Free cash flow takeaway
A quick read on the company's cash generation and what it means for investors.
Oracle's free cash flow turned deeply negative in the current quarter, driven by a substantial capital expenditure outlay that far exceeded operating cash flow. The cash conversion cycle showed a marked deterioration compared to both the prior quarter and the year-ago period.
- Revenue increased from the prior quarter, but operating cash flow dropped sharply, resulting in a much weaker cash conversion rate. The combination of lower operating cash flow and significantly higher capital expenditure produced a large negative free cash flow and a deeply negative margin.
- Compared to the immediately preceding quarter, operating cash flow was lower and capital expenditure was higher, causing free cash flow to worsen from a modest negative to a large negative. Versus the same quarter one year earlier, revenue was higher and operating cash flow improved, but capital expenditure increased more than proportionally, resulting in a similar but larger negative free cash flow outcome.
FCF snapshot
Quarterly and TTM cash-flow metrics with the minimum valuation context.
TTM free cash flow
-$13.2B
Trailing twelve-month free cash flow.
Quarter free cash flow
-$10.0B
Free cash flow in the selected fiscal quarter.
Operating cash flow
$2.1B
Cash generated by operations before capital spending.
CapEx
$12.0B
Capital spending and related asset purchases.
FCF margin
-62.1%
The share of revenue converted into free cash flow.
Cash flow trend
A short quarterly history shows whether FCF is scaling with revenue or only spiking for one period.
| Period | Revenue | Operating CF | CapEx | FCF | FCF margin |
|---|---|---|---|---|---|
| 2025-02-28 | $14.1B | $5.9B | $5.9B | $71.0M | 0.5% |
| 2025-05-31 | $15.9B | $6.2B | $9.1B | -$2.9B | -18.4% |
| 2025-08-31 | $14.9B | $8.1B | $8.5B | -$362.0M | -2.4% |
| 2025-11-30 | $16.1B | $2.1B | $12.0B | -$10.0B | -62.1% |
Cash conversion quality
Checks that separate high-quality free cash flow from accounting noise or working-capital timing.

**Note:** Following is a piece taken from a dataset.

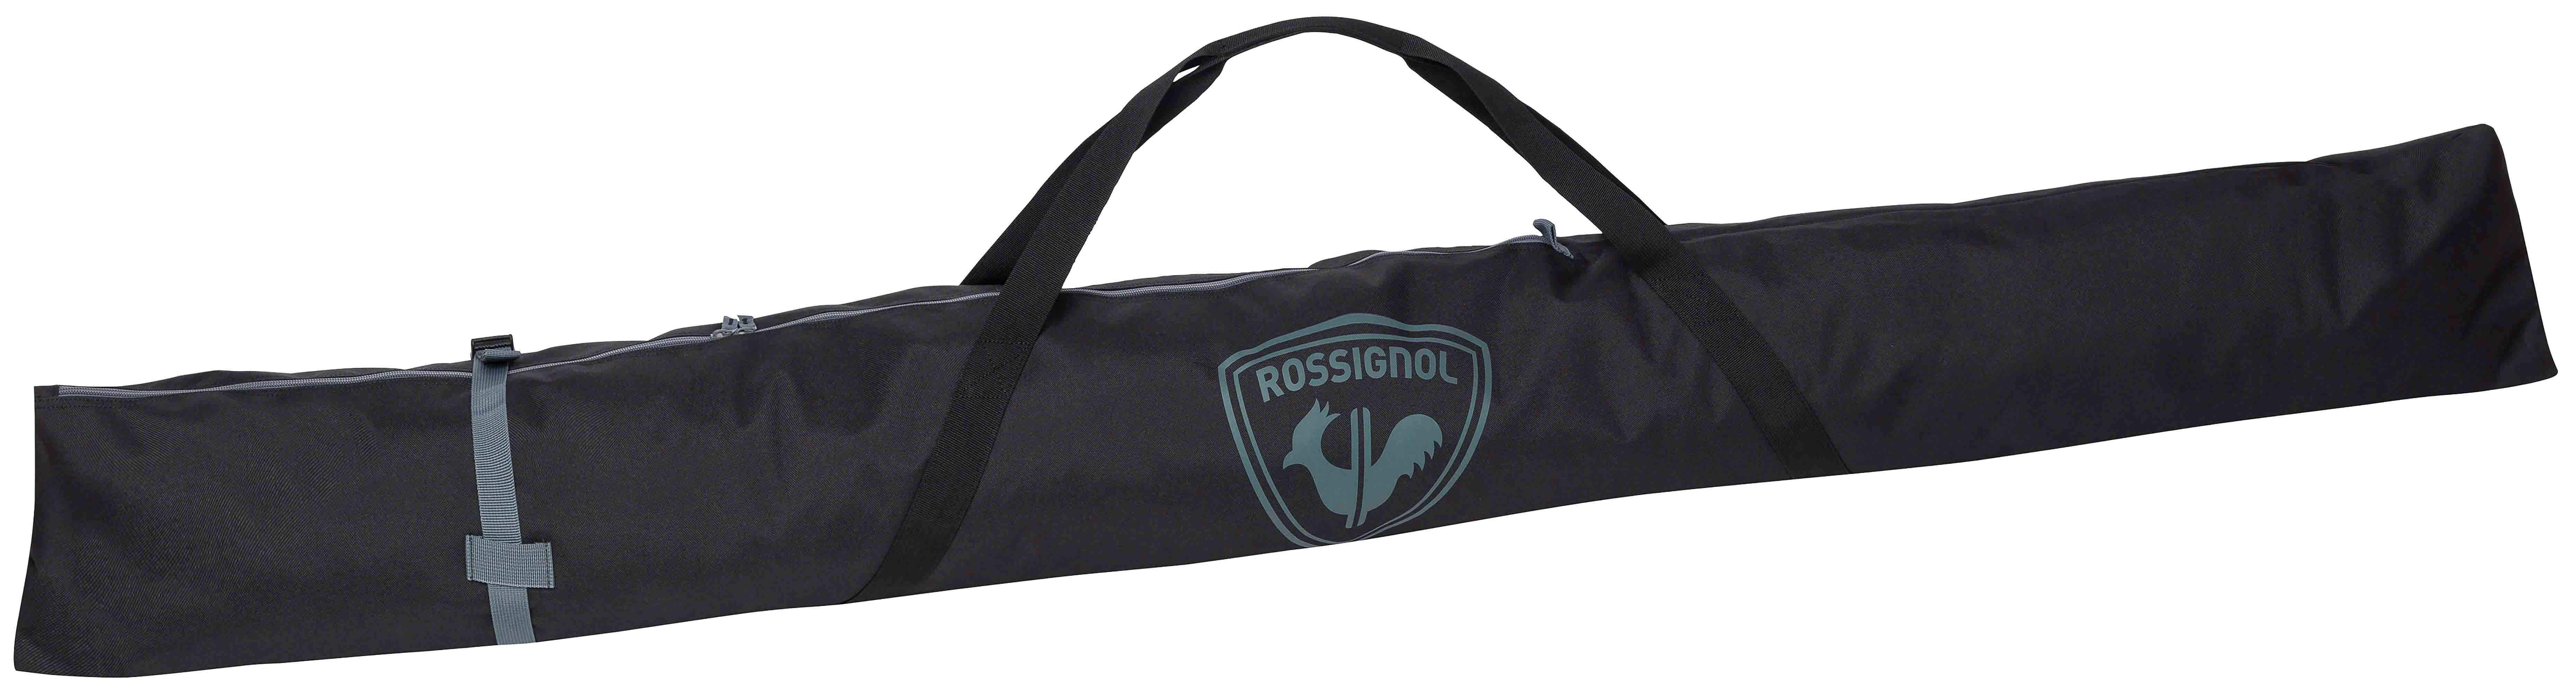 Krepšys slidėms Rossingnol Basic kaina | pigu.lt

| FCF / net income | -162.5% | Shows whether accounting earnings convert into cash. |
| CapEx / revenue | 74.9% | Lower capital intensity usually supports FCF margin. |
| Net cash | n/a | Cash and equivalents minus total debt. |
Recent events shaping cash flow
Near-term business events that help explain the free cash flow result.
Elevated Capital Expenditure
Capital expenditure surged in the current quarter, far exceeding operating cash flow, which drove free cash flow deeply negative. This is the strongest observable driver of the quarter's cash flow performance.
If capital spending remains at this elevated level without a commensurate rise in operating cash flow, free cash flow will continue to be pressured.
What the cash flow says
How to interpret the company's free cash flow beyond the headline number.
Revenue increased from the prior quarter, but operating cash flow dropped sharply, resulting in a much weaker cash conversion rate. The combination of lower operating cash flow and significantly higher capital expenditure produced a large negative free cash flow and a deeply negative margin.
Compared to the immediately preceding quarter, operating cash flow was lower and capital expenditure was higher, causing free cash flow to worsen from a modest negative to a large negative. Versus the same quarter one year earlier, revenue was higher and operating cash flow improved, but capital expenditure increased more than proportionally, resulting in a similar but larger negative free cash flow outcome.
Monitor whether capital expenditure levels normalize in upcoming quarters, as the current spending rate is the primary factor behind the negative free cash flow.